Section 704, subdivision 4, provides that it shall be an unfair labor practice "to require an employee or one seeking employment, as a condition of employment, to join any company union or to refrain from forming, or joining or assisting a labor organization of his own choosing." And under subdivision 5 it is an unfair labor practice "to encourage membership in any company union or discourage membership in any labor organization, by discrimination in regard to hire or tenure or in any term or condition of employment."
Though it is quite understandable that Miss Beyer was not wanted in her confidential secretarial position, the evidence supports the finding that her discharge violated both the letter and spirit of the Act.
The evidence does not sustain the Company's insistence that Miss Beyer has obtained other employment equivalent to that from which she was discharged. The testimony on this point is tenuous; it might have been more clear and definite, but it points to only temporary employment. The replacement of Miss Beyer with the Company is a matter which the Board can adjust.

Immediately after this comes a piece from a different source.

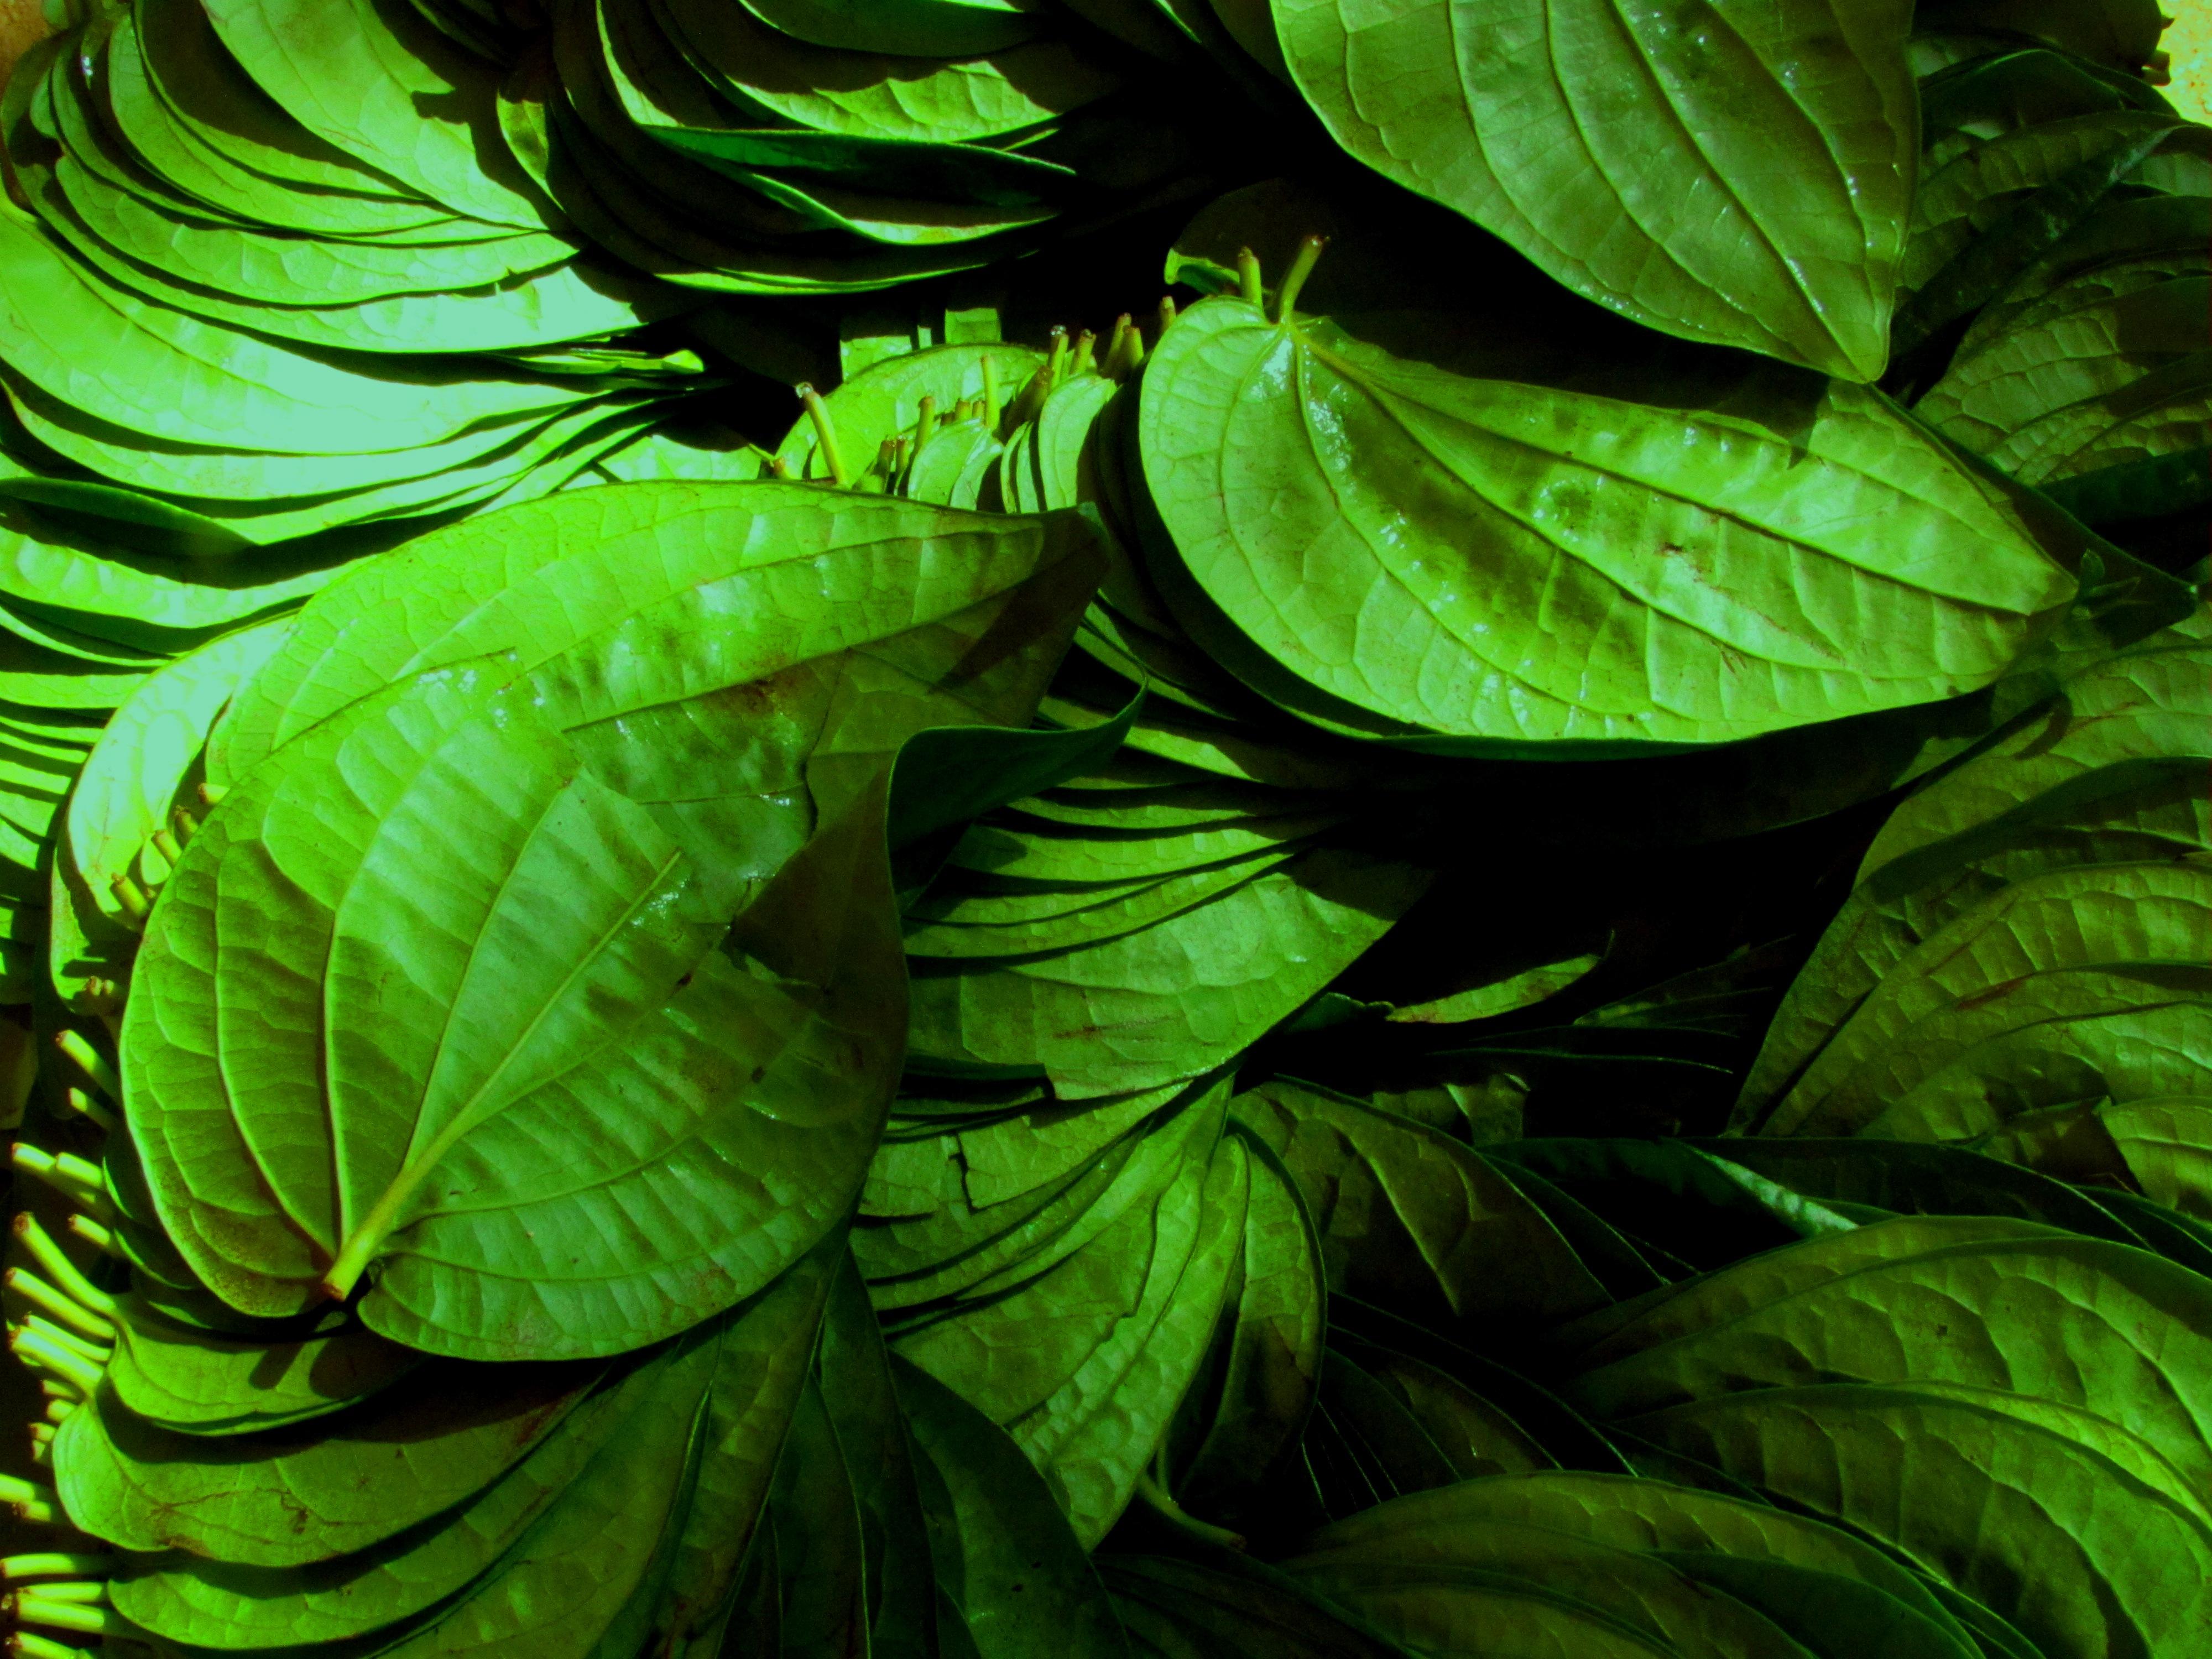 Mysore betel leaf - Wikipedia

Also, the form and wording of the "cease and desist" notice, which the Board has ordered the Company to post, should be agreed upon. ( National Labor Relations Board v. Pennsylvania Greyhound Lines, 303 U.S. 261; National Labor Relations Board v. Mackay Radio Tel. Co., 304 id. 333.) Unnecessary embarrassment to the Company is to be avoided.
It may be, as some earnestly urge, that the Act goes too far. There are those who hold that the Act accords rights to the workers which are denied to the employer, and that the influence of the Act is not sufficiently unifying or moderating. But the abuses which the Act seeks to cure were acute and rampant. And it is not improbable that the weight of the abuses has freighted the scales on the side of the worker instead of keeping them equably and equitably balanced between employer and employee. Certainly the Act invests the Board with vast and drastic powers. If, however, the Act requires modification the job is the Legislature's, not the court's. The Act is a legislative mandate which the court must obey and enforce.
It follows that the motion of the Board for an enforcement order must be granted, and the motion of Mutual for a vacation or modification denied. Settle order accordingly.
Concluding, but not as an afterthought, the court thanks counsel for their helpful briefs, which presented the facts and the law with exceptional thoroughness and skill.